Culture is cuisine -Pakistan Press Foundation (PPF)

Paksitan Press Foundtion

Culture is cuisine

Zia Mohyeddin column

Our cultural outlets are limited; the spectrum of cultural activity ranges form qawwali and pop concerts to organised sing-song at private gathering and the mujrahs performed at weddings. I have no statistics but if I were to hazard a guess I would say that you will find the largest gatherings at cinemas and at the increasing number of festivals and melas. Mushairas do not have the same attendance today that they had forty or fifty years ago. Ours is not the only country where culture is given a short shrift. Culture in the third world is considered to be the preserve of the elite and an unaffordable luxury.

The fact is that a large number of people (in the cities) go out in the evening in search of cuisine and not culture. The old hierarchy of taste that put the classical forms at the top of the pyramid and mass entertainment at the bottom has given way to a mish-mash of styles. We now eat pizzas to the accompaniment of taped rock music in psendo-art-deco restaurants.

On a broad definition of what constitutes our culture today, watching television would be the most popular, meelads a close second and play-going the least popular. There has been a steady growth of appetite for the guitar-based bands who sing local songs in the mode of Western pop groups, but people haven’t yet acquired the habit of buying tickets for these concerts which are usually held in clubs and hotels. Classical music concerts are a token event held once or twice a year. They are organised by influential art lovers. Unfortunately, the majority of the audience, totally oblivious to the etiquette, blithely walk in and out of a recital. Not only that: they chat to each other, crack their nuts and clap incessantly. For a sensitive listener it is an agonising affair.

The theatre exists in our country as well. The snag is that its artistic value does not satisfy those who have its interest at heart. The impresarios who run it feel that what the public doesn’t pay for, the country can do without. This is sound capitalist thinking. The serious play, as it is known to you and me, is anathema to those who are well-entrenched in the running of what is now called ‘commercial theatre’. In a climate ridden with the long and unending debate about the nerve-ends of our existence as a state, the talk of legitimate theatre may sound like idle thoughts of an idle dreamer, but we are a people who are passionate about dramatic events and, ultimately, it may be the theatre which restores a degree of sanity and, dare I say, maturity to our being.

We have never conducted a survey to determine why people attend a certain event and what their wider interests are. If there was one, I am sure we would learn that rock concerts and the hell-raising, gory American movies are the province of the young, while movies are more to the liking of young and middle aged women. Age — as well as class — turns out to be the determining factor in what makes an art lover. There is only a handful of people who go to an arts event specifically for the purpose of becoming uplifted.

A general tendency in our country is to encourage people in the belief that the main purpose of going to a concert or a play is to forget about day to day life. The arts are thus presented to us to be about escape and not reality.
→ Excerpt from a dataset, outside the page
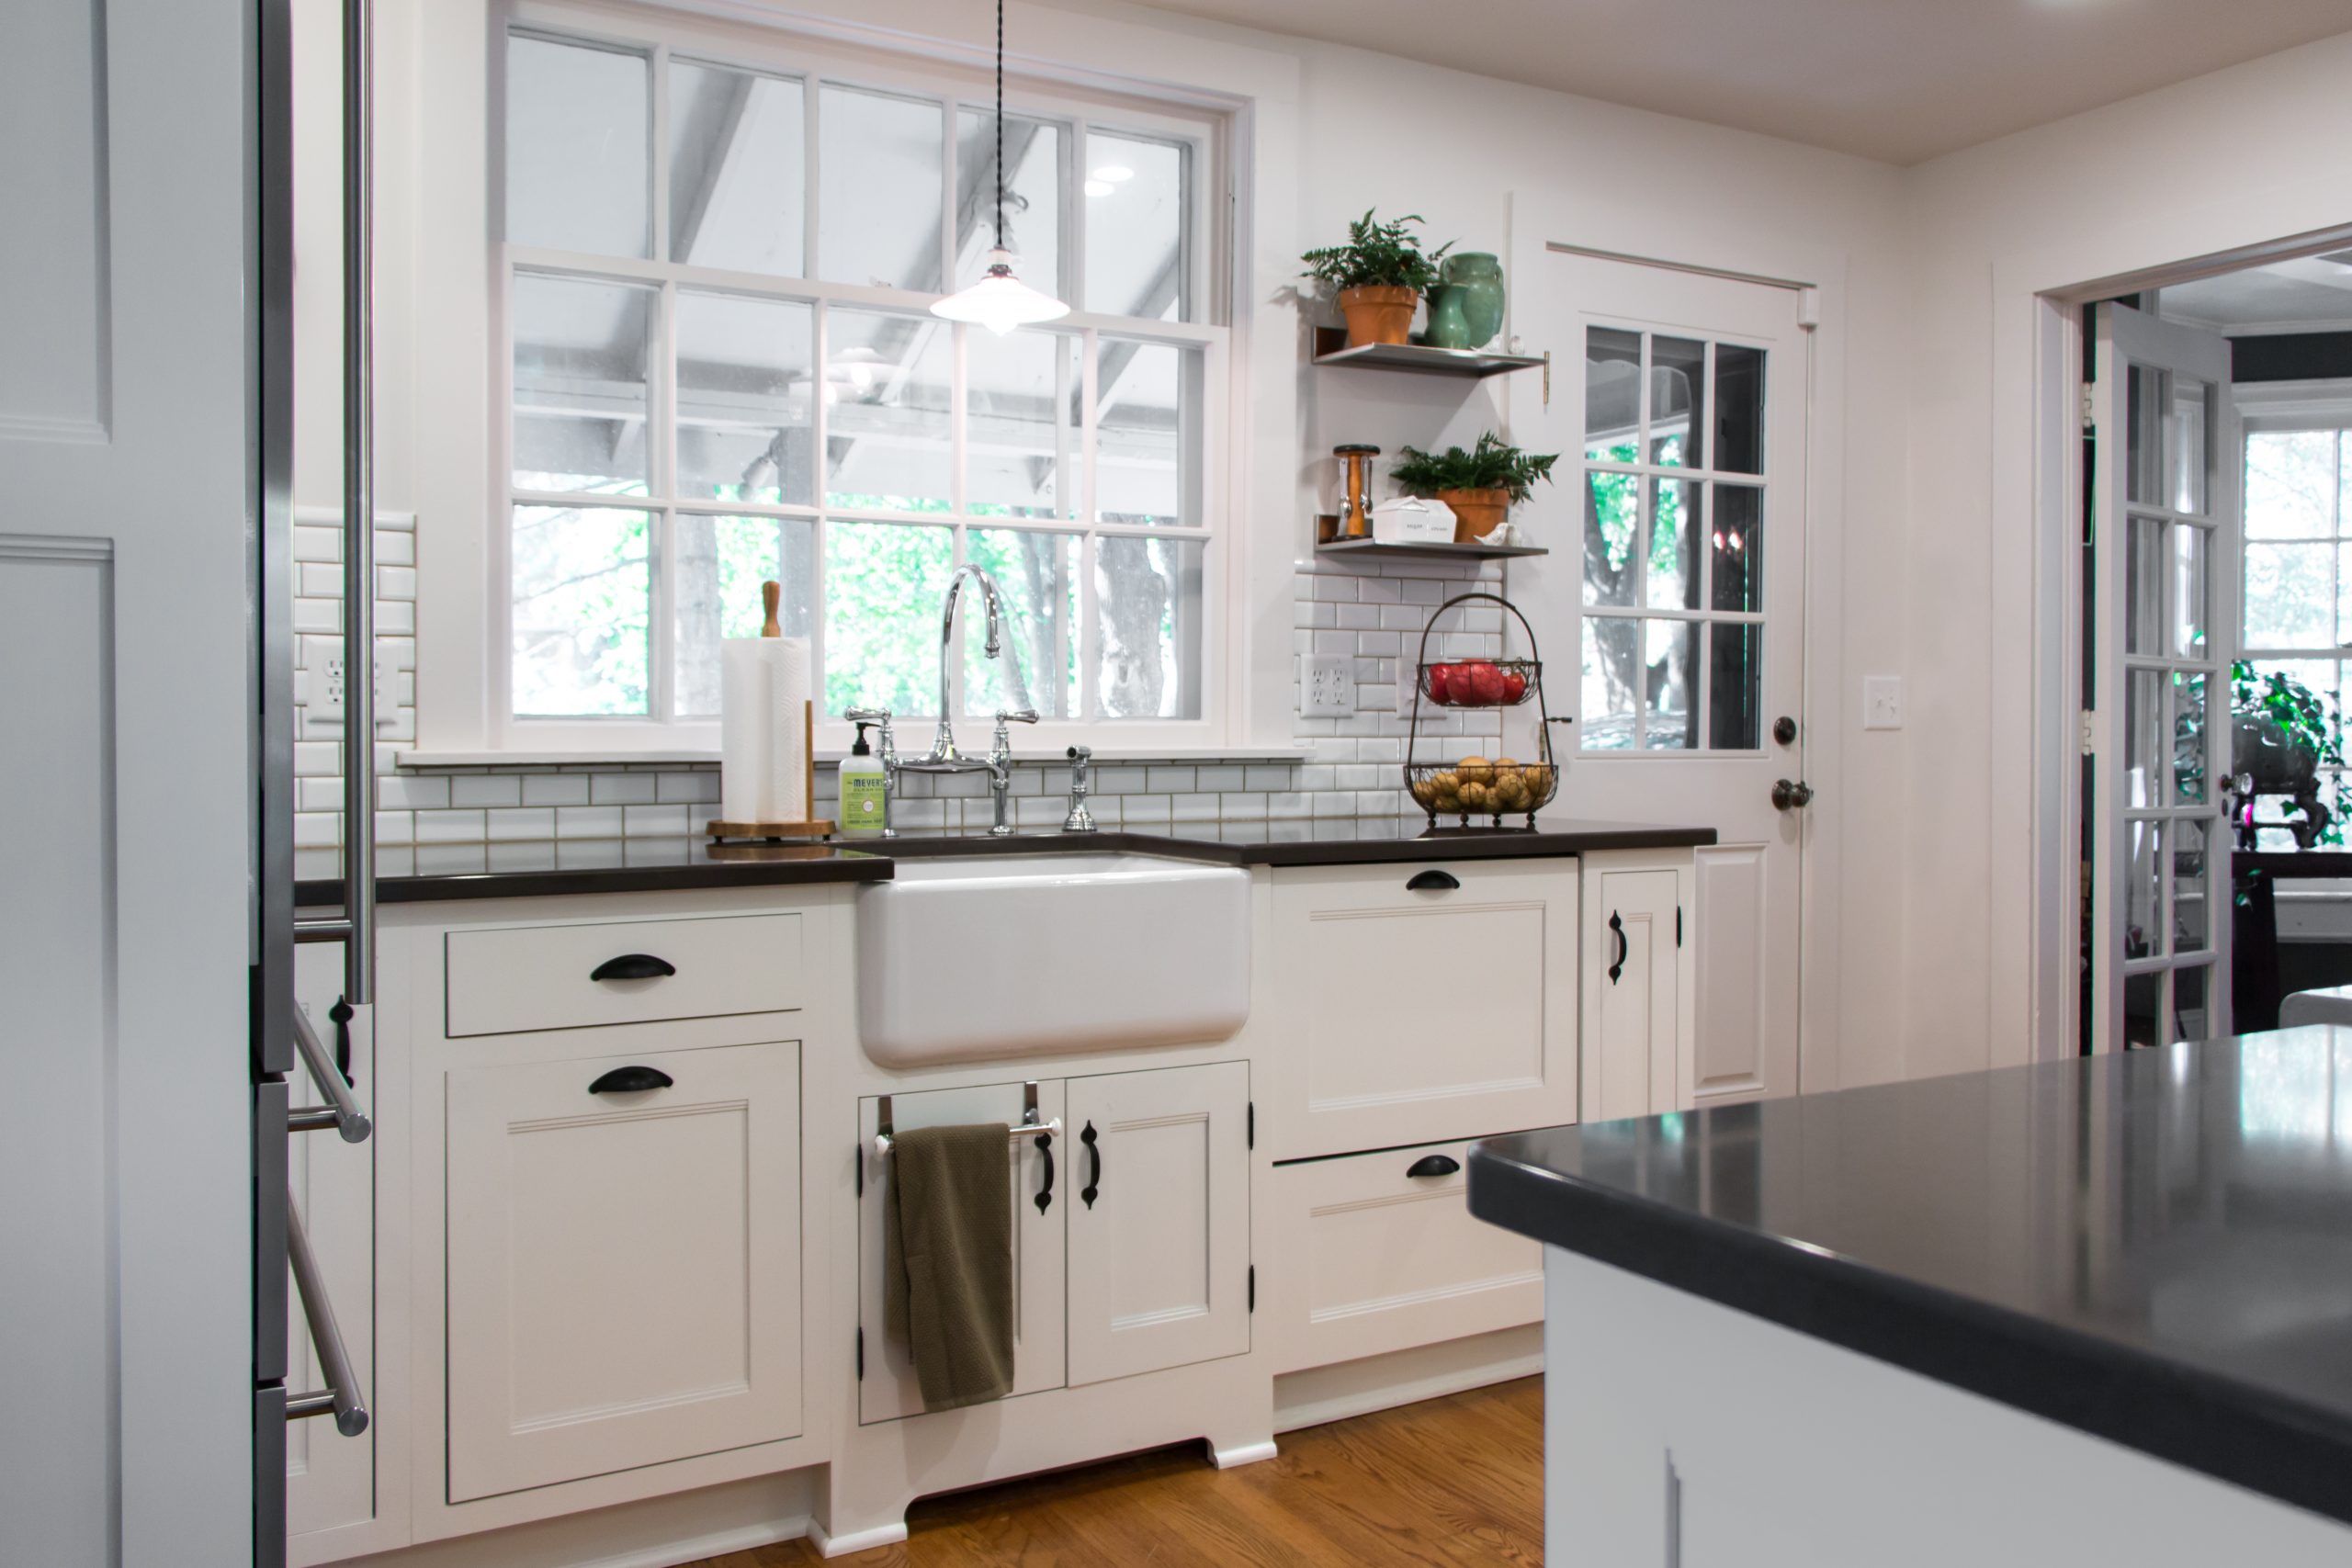 Elegant farmhouse kitchen and bath remodel with white cabinets and hardwood floors

This is one of the main reasons why our dramatic output has not developed beyond the naïve farce it has been for decades. The audience for a thought-provoking play consists largely of friends, cousins and the well-wishers of the cast.

We have been led by the politics of the 20th century to the conviction that the Arts should be for every one. We would like Art and popular entertainment to be the same thing but in practice they are not. When I look upon the state of our television, by far the most popular pursuit in the country, it is hard not to be affected by a feeling of abject despair. So much seems to be wrong and so little seems to get better.

Since the Arts do not flourish in our part of the world the question is not ‘what is the relationship of the Arts to Broadcasting’ but ‘what is the place of Broadcasting in our country?’ There is an enormous hypocrisy when it comes to television. No one wants to admit that it is a commercial enterprise whose primary aim is to make money. In the state-owned (commercial) television, the government owns the majority of shares. The people responsible for running the organisation, work on the principle that their allegiance lies first and foremost to the government and not to the viewers. The programme making is, therefore, not dictated by market research but the whims and caprices of the party in power and its policy makers.

The other channels not directly controlled by the government exist solely to make money. Their first obligation is to the advertisers and not to the audience. It seems to me that their objective is not to make programmes which may therefore attract an audience, but to rely on market researches who tell them to make programmes which fit the shape of the required ratings.

Television will be good if those who run the networks have a respect for it and a desire to make it work on its own terms, not a surrogate for any other form of art or journalism, but as itself, confident, imaginative as distinctive. It’s a pity that they don’t realise that the motivation to make money is not incompatible with making intelligent, adult programmes.

The fact that we have not built any theatres or concert halls shows our perversity to the professions related to the performing arts. And yet, inspite of their absence, a cultural redefinition is taking place in our society. The number of people who have become weary of the stock diet of the movies and the stale smell of television soaps, is rising. They may not be dedicated concert-goers or committed playgoers but they rove through various art events as casual observers in search of some form of sublimation. They go to theatrical presentations with a high degree of expectation. It is this discerning, albeit small, audience that we must cater for. It is they who have kept creative and artistic activity alive in every part of the world.